Stored data >>
○ ○ ○ ○
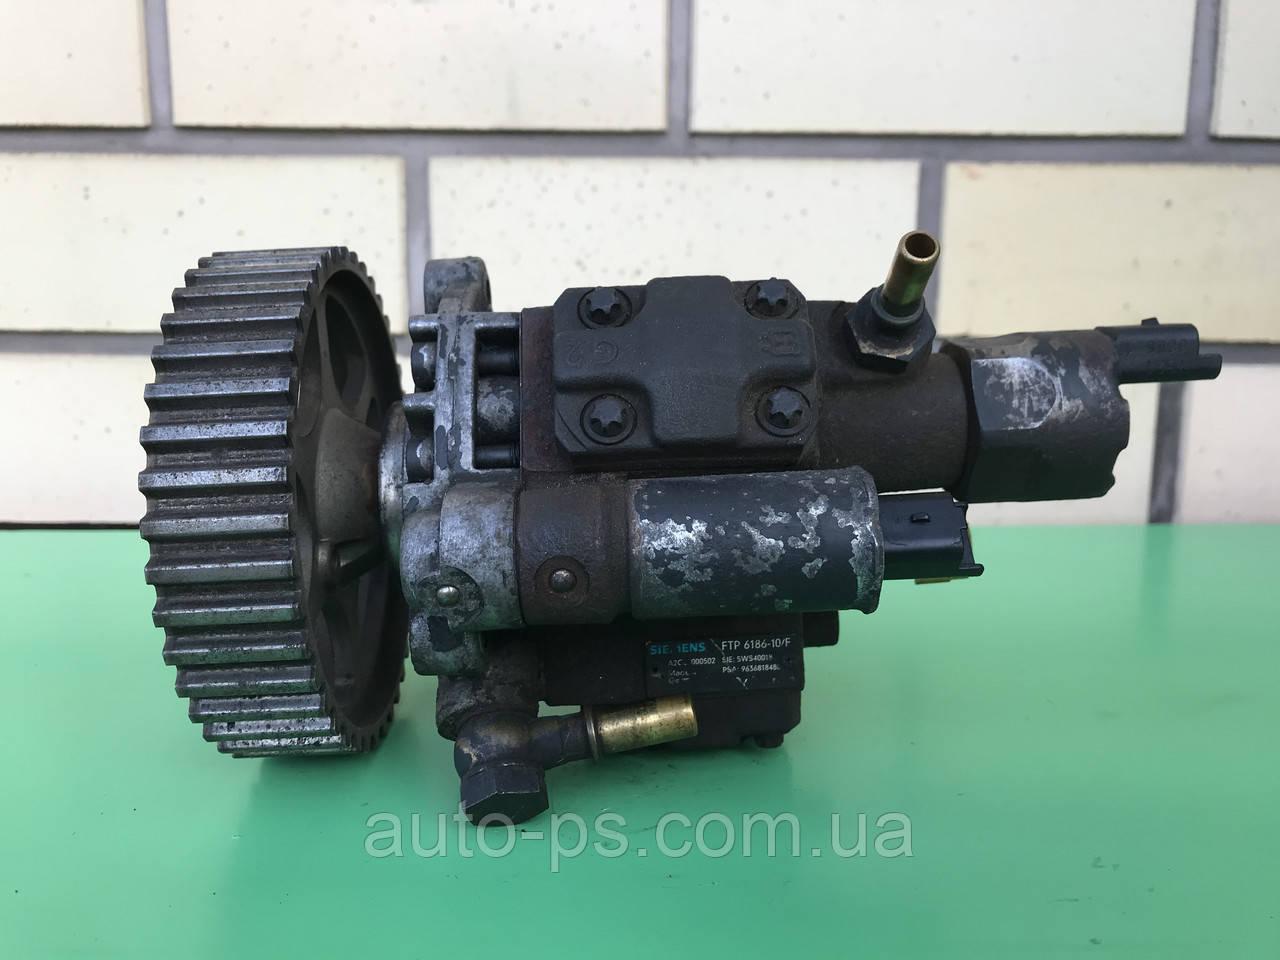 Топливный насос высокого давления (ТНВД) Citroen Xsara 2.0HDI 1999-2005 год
○ ○ ○ ○
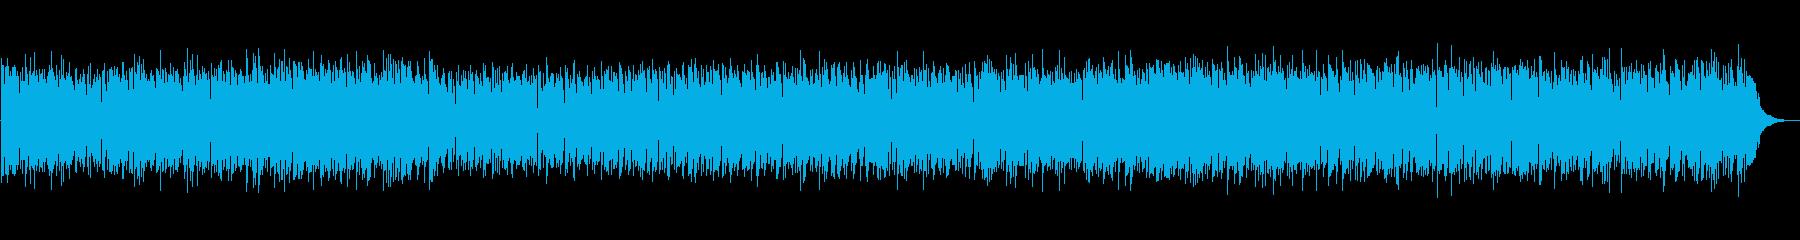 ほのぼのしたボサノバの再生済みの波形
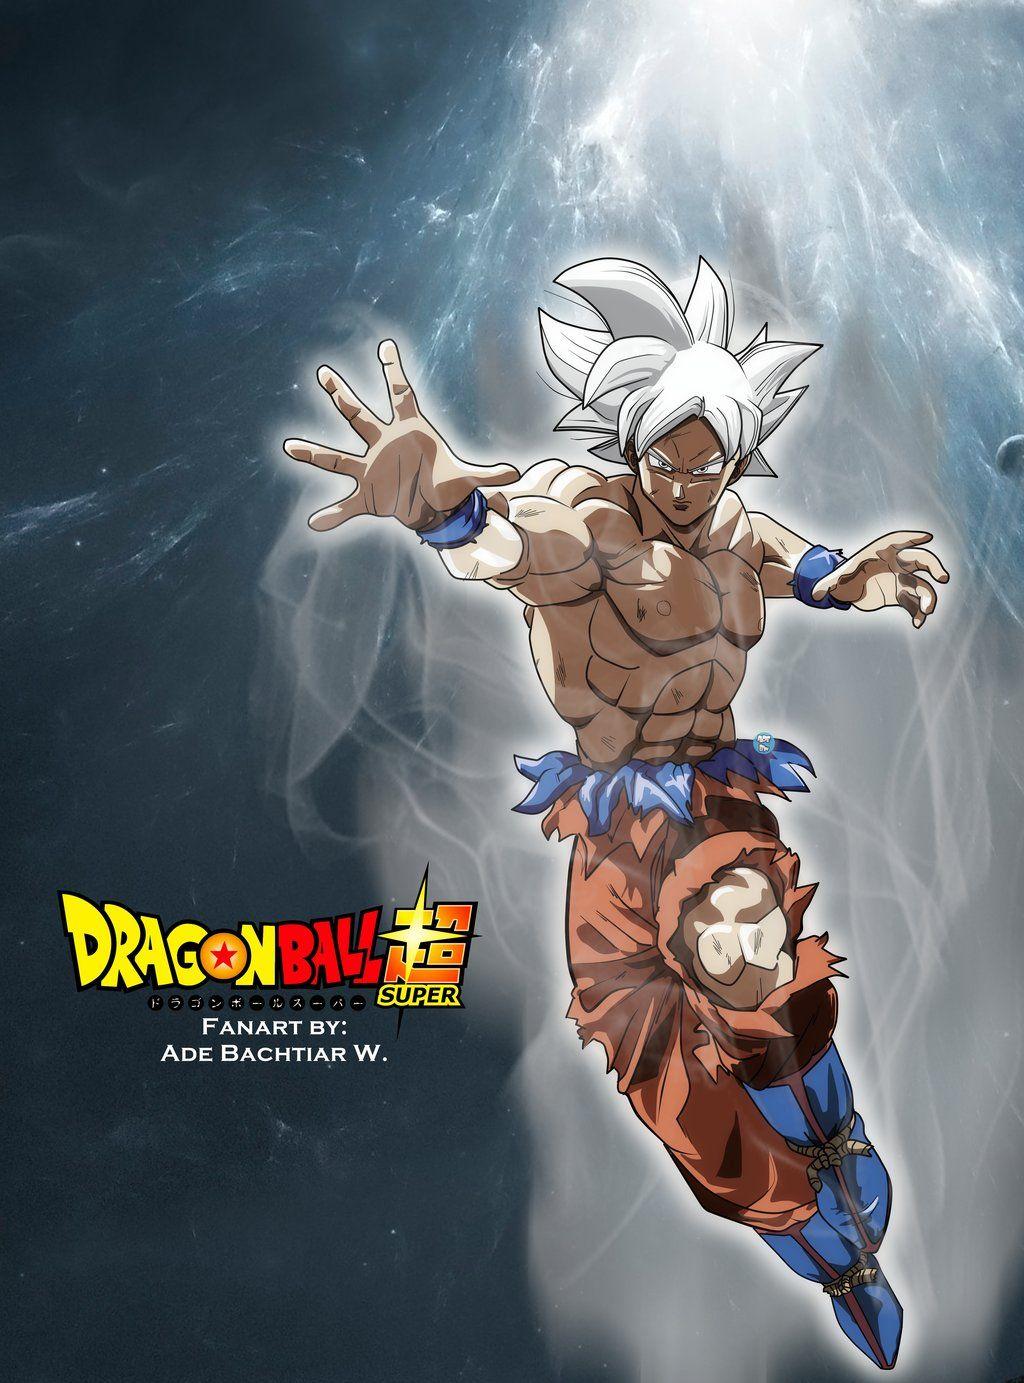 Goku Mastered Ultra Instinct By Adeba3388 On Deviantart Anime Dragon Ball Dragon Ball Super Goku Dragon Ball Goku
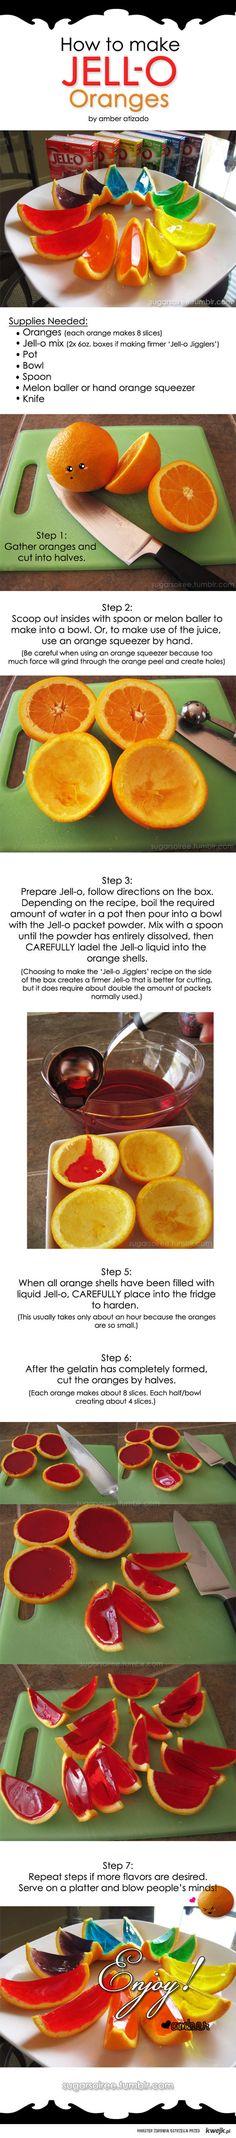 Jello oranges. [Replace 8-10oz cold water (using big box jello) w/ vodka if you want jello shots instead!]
○ ○ ○ ○
Work order >> The answer is the lines of the material above, from the one containing "Goku Mastered Ultra" down to the one containing "Jello oranges. [Replace", given exactly and without images.

Response to the task >>
 Goku Mastered Ultra Instinct By Adeba3388 On Deviantart Anime Dragon Ball Dragon Ball Super Goku Dragon Ball Goku
 Jello oranges. [Replace 8-10oz cold water (using big box jello) w/ vodka if you want jello shots instead!]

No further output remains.